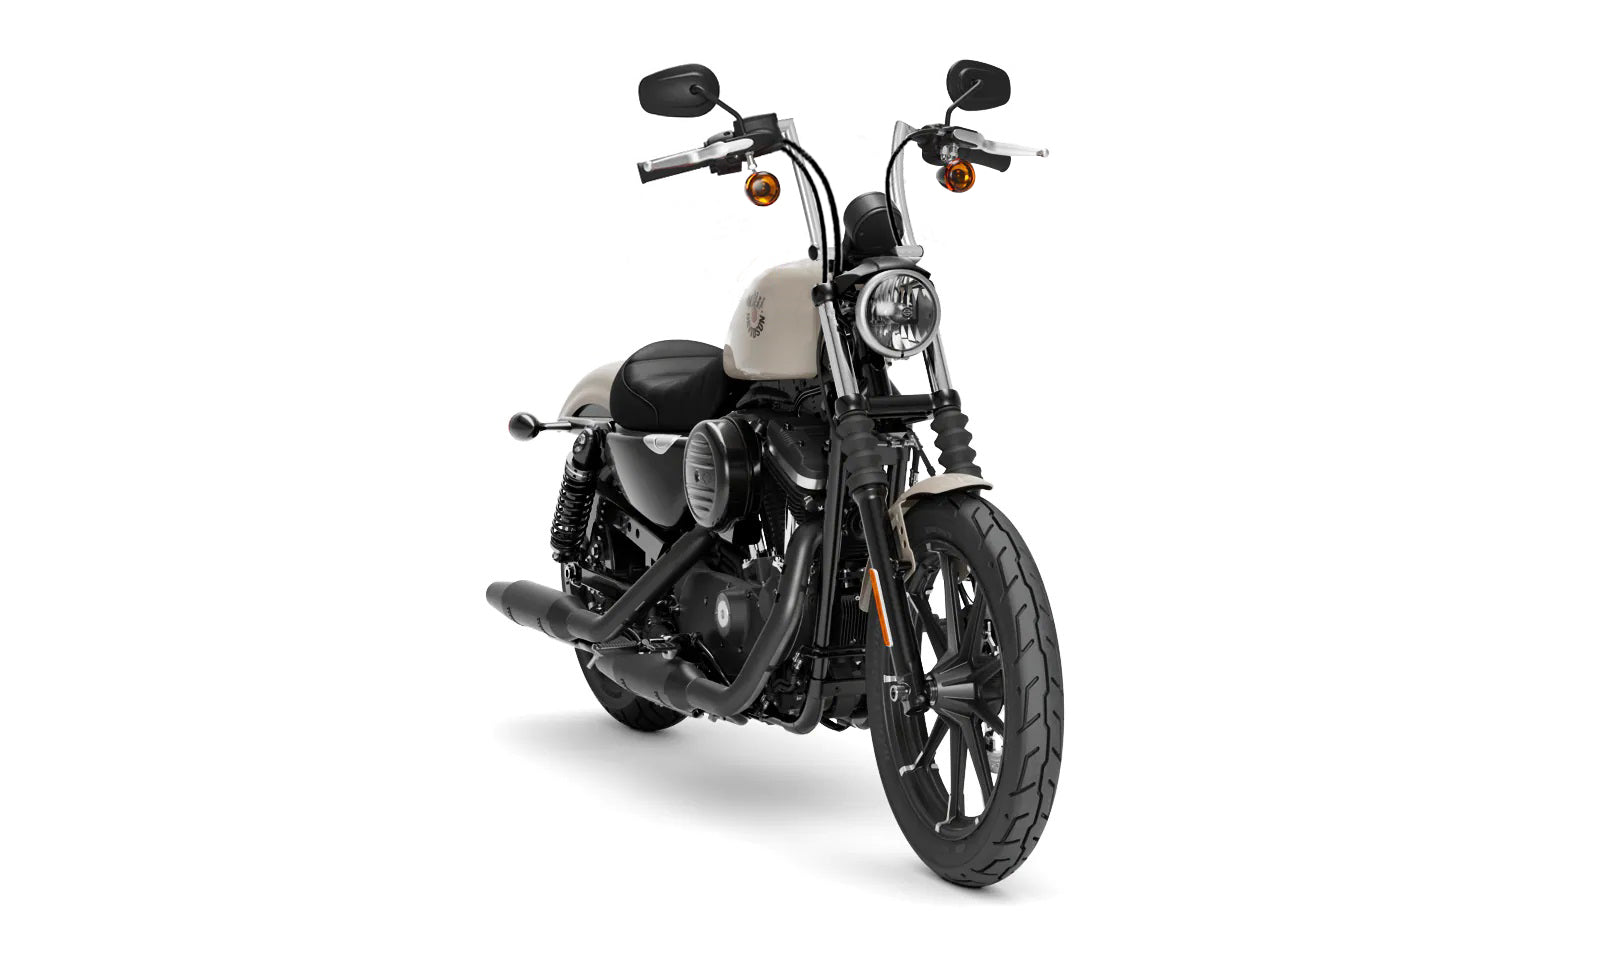 Viking Iron Born 9" Handlebar for Harley Sportster 883 Iron XL883N Chrome Bag on Bike View @expand
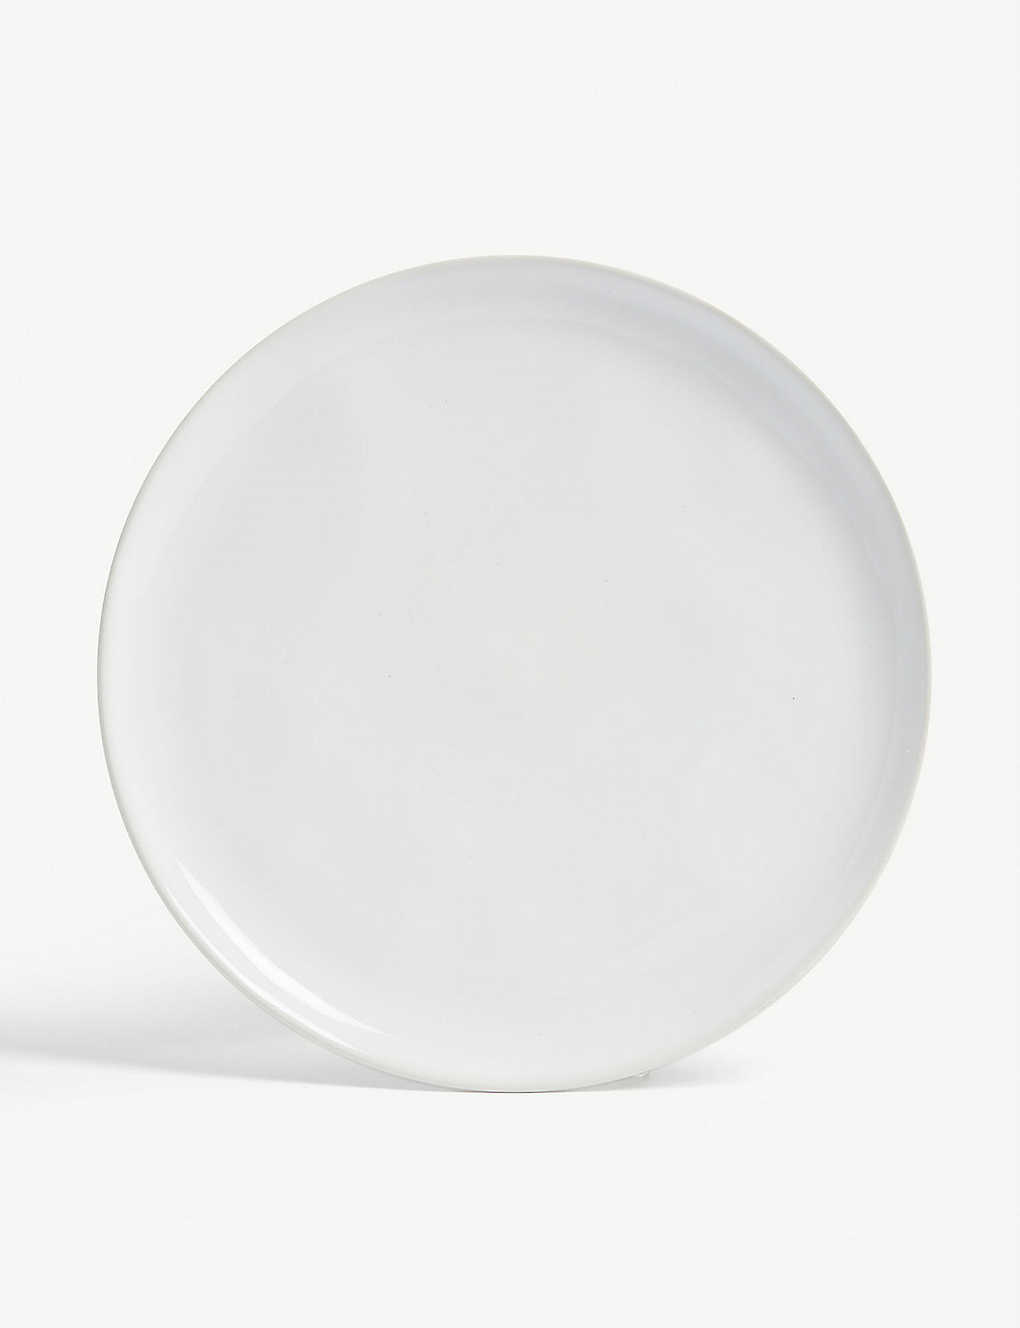 THE WHITE COMPANY ポルトベッロ サイド プレート Portobello side plate #White
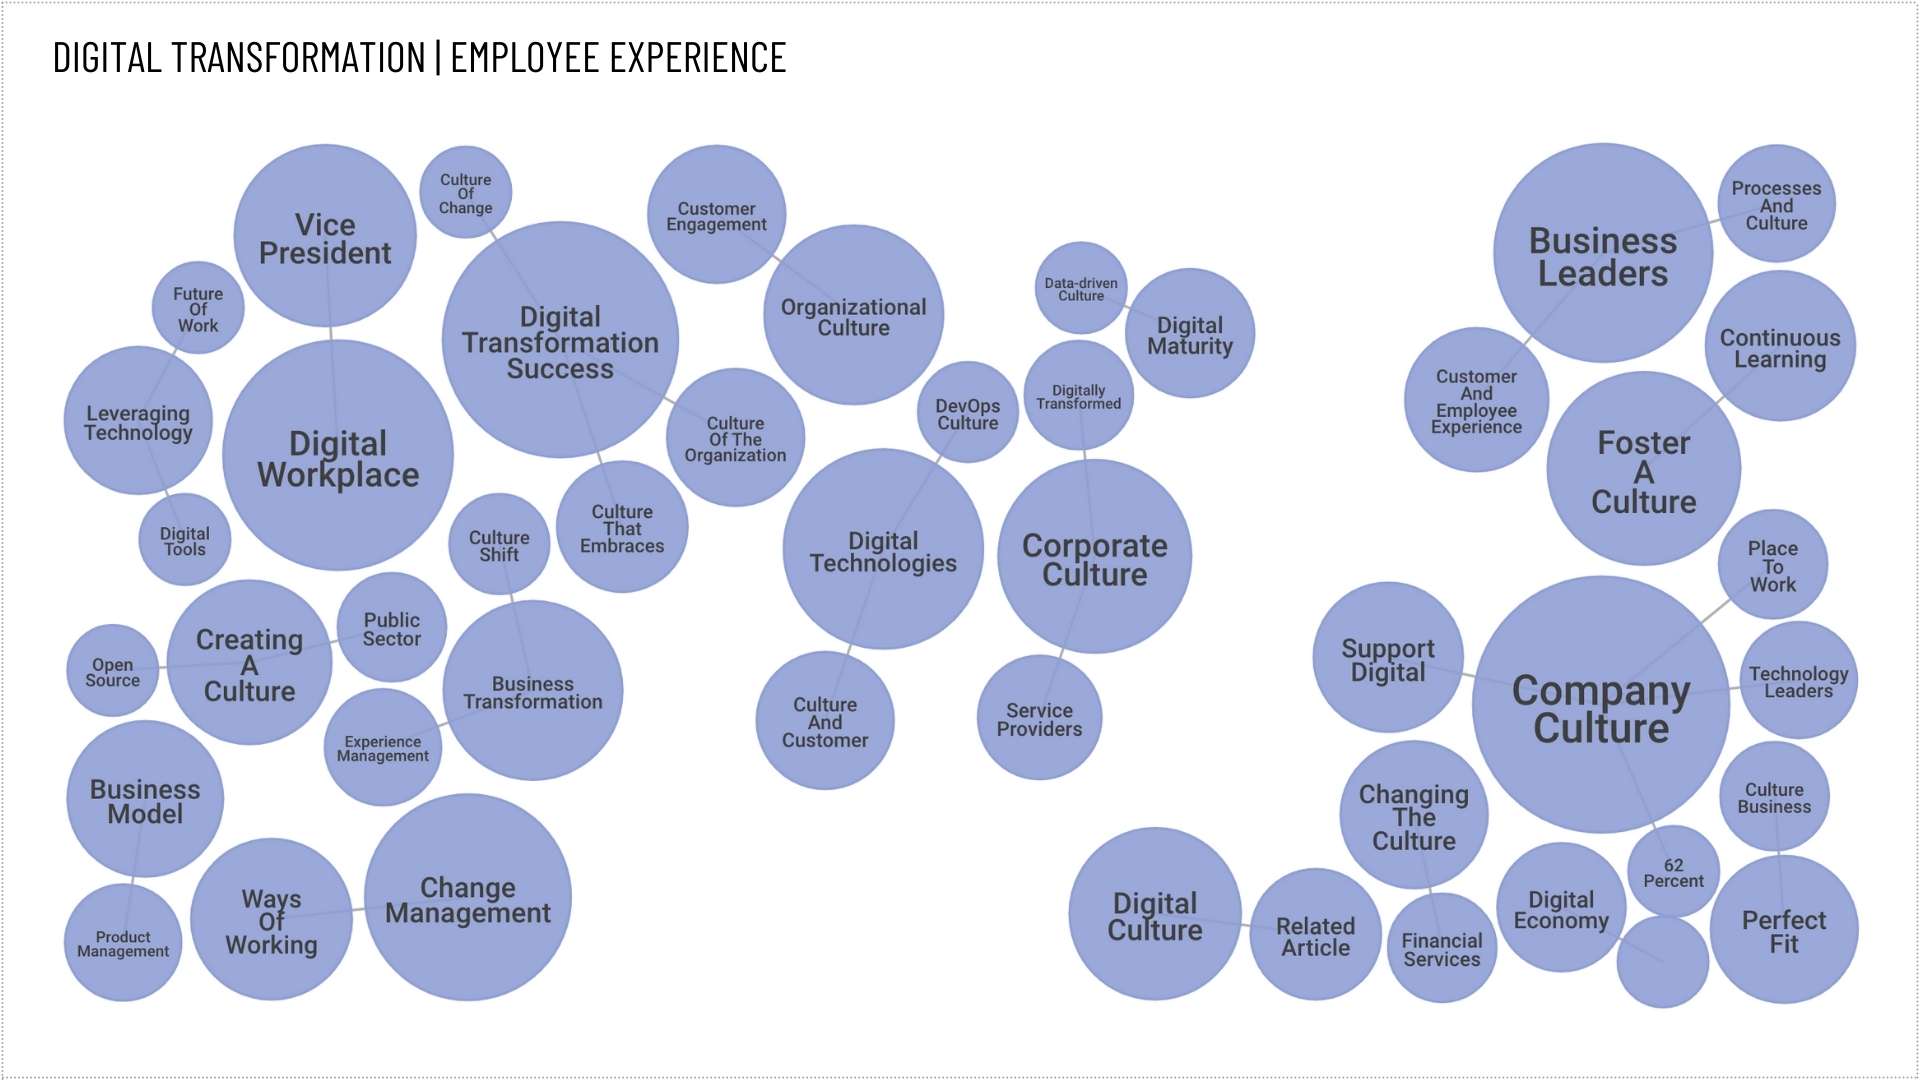 Employee Experience Analysis of Digital Transformation Topics

* _PROBLEM DESCRIPTION_: Transcribe every line from the one containing "THE WHITE COMPANY" to the end of the listing, exactly and exclusively. Do not carry any picture over.

* _TASK RESPONSE_:
 THE WHITE COMPANY ポルトベッロ サイド プレート Portobello side plate #White
 Employee Experience Analysis of Digital Transformation Topics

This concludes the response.